Using the listing below, output only the lines from the one that contains "Karlie Colleen Photography" through the one that contains "I don't have a weapon", inclusive, exactly as given and without images.

▶ _Material for this exercise_:
Segment Open

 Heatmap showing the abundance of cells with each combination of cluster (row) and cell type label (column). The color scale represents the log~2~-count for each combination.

Segment Closed
Segment Open

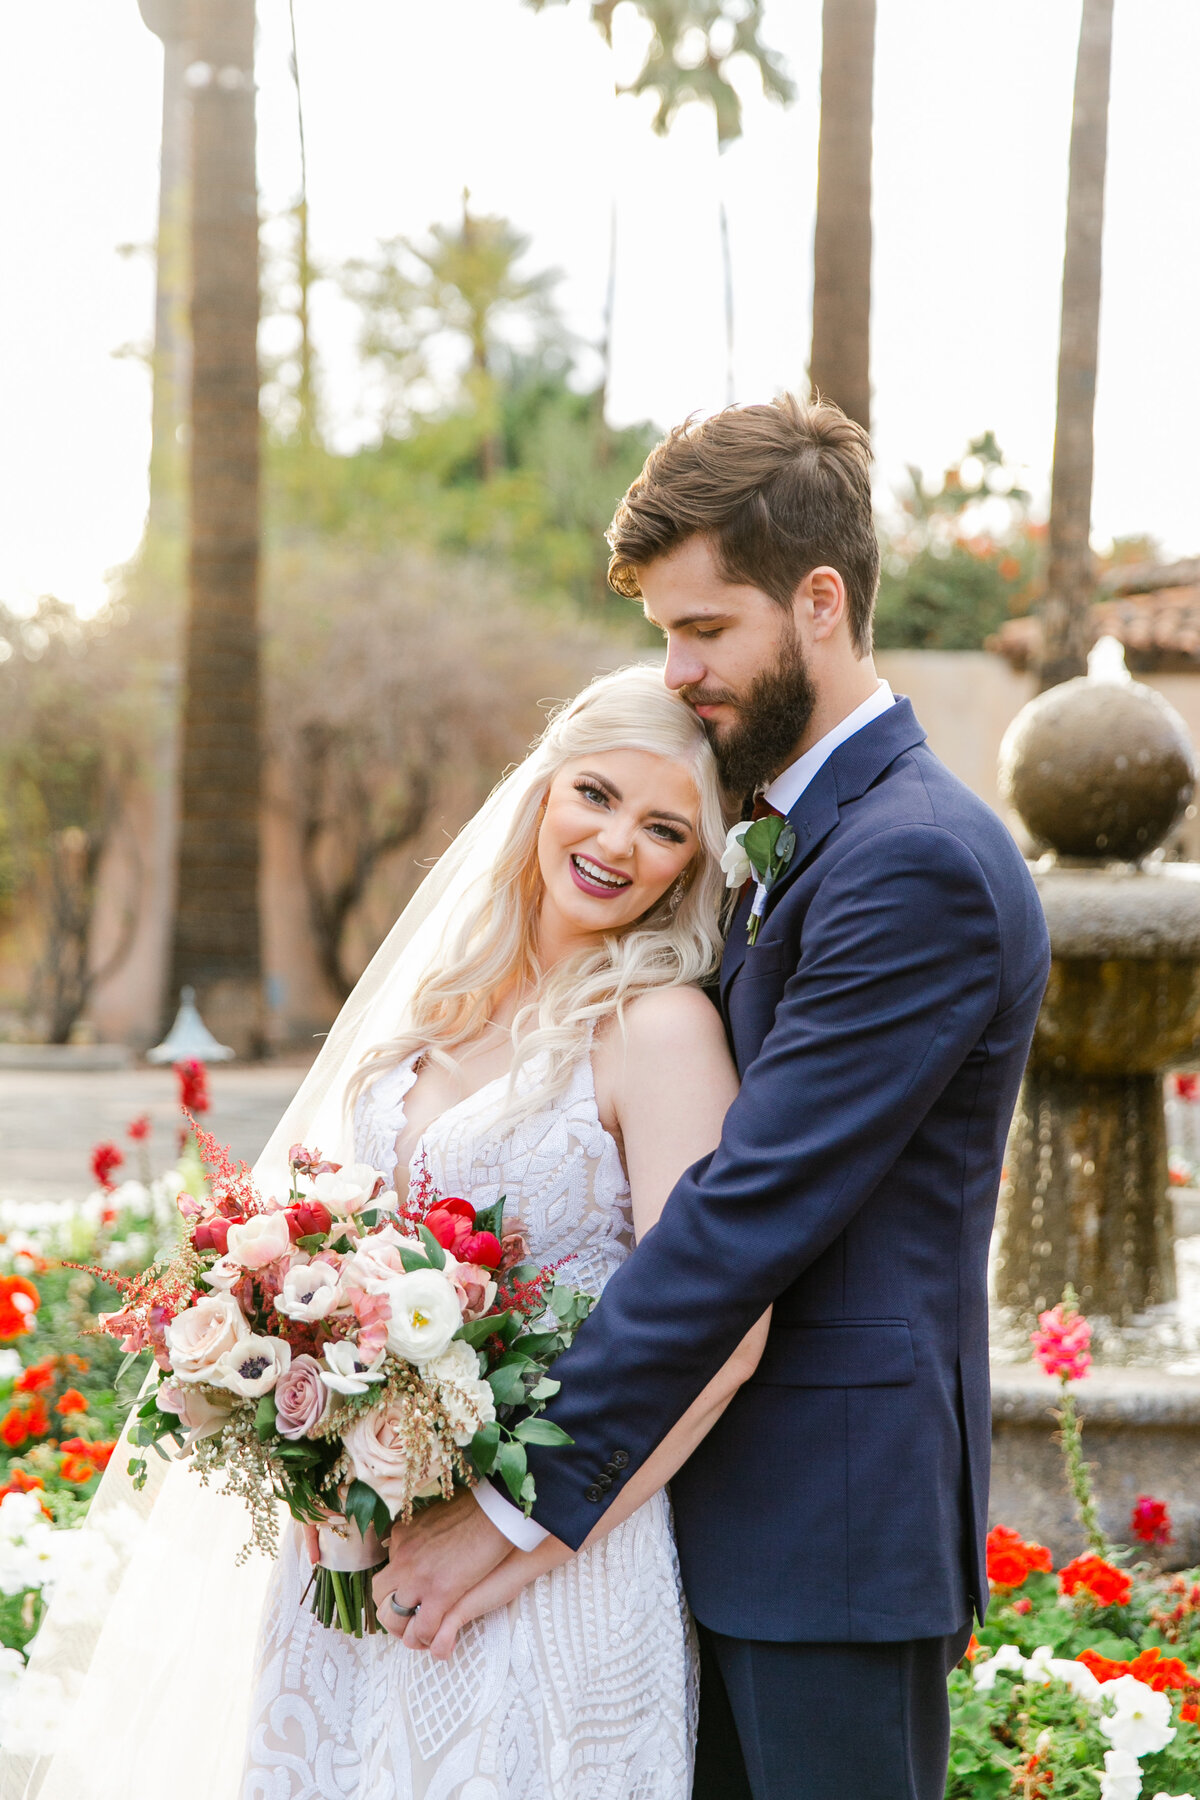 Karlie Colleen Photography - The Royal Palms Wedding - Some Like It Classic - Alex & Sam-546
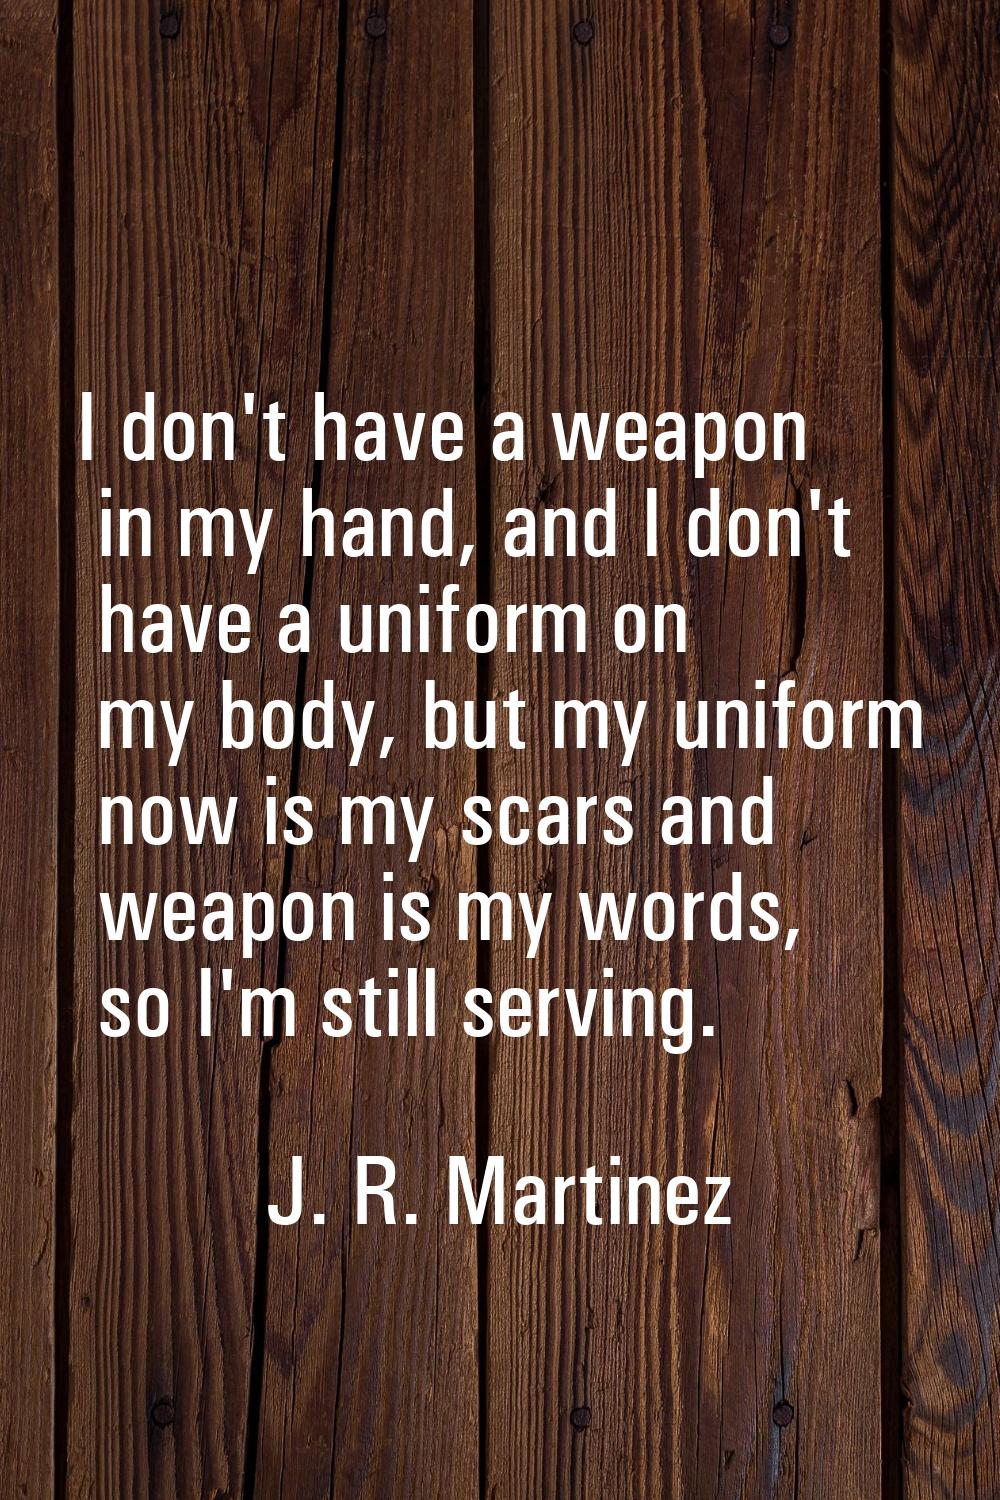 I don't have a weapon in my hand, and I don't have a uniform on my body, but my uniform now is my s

Segment Closed

▶ _Task solution_:
 Karlie Colleen Photography - The Royal Palms Wedding - Some Like It Classic - Alex & Sam-546
 I don't have a weapon in my hand, and I don't have a uniform on my body, but my uniform now is my s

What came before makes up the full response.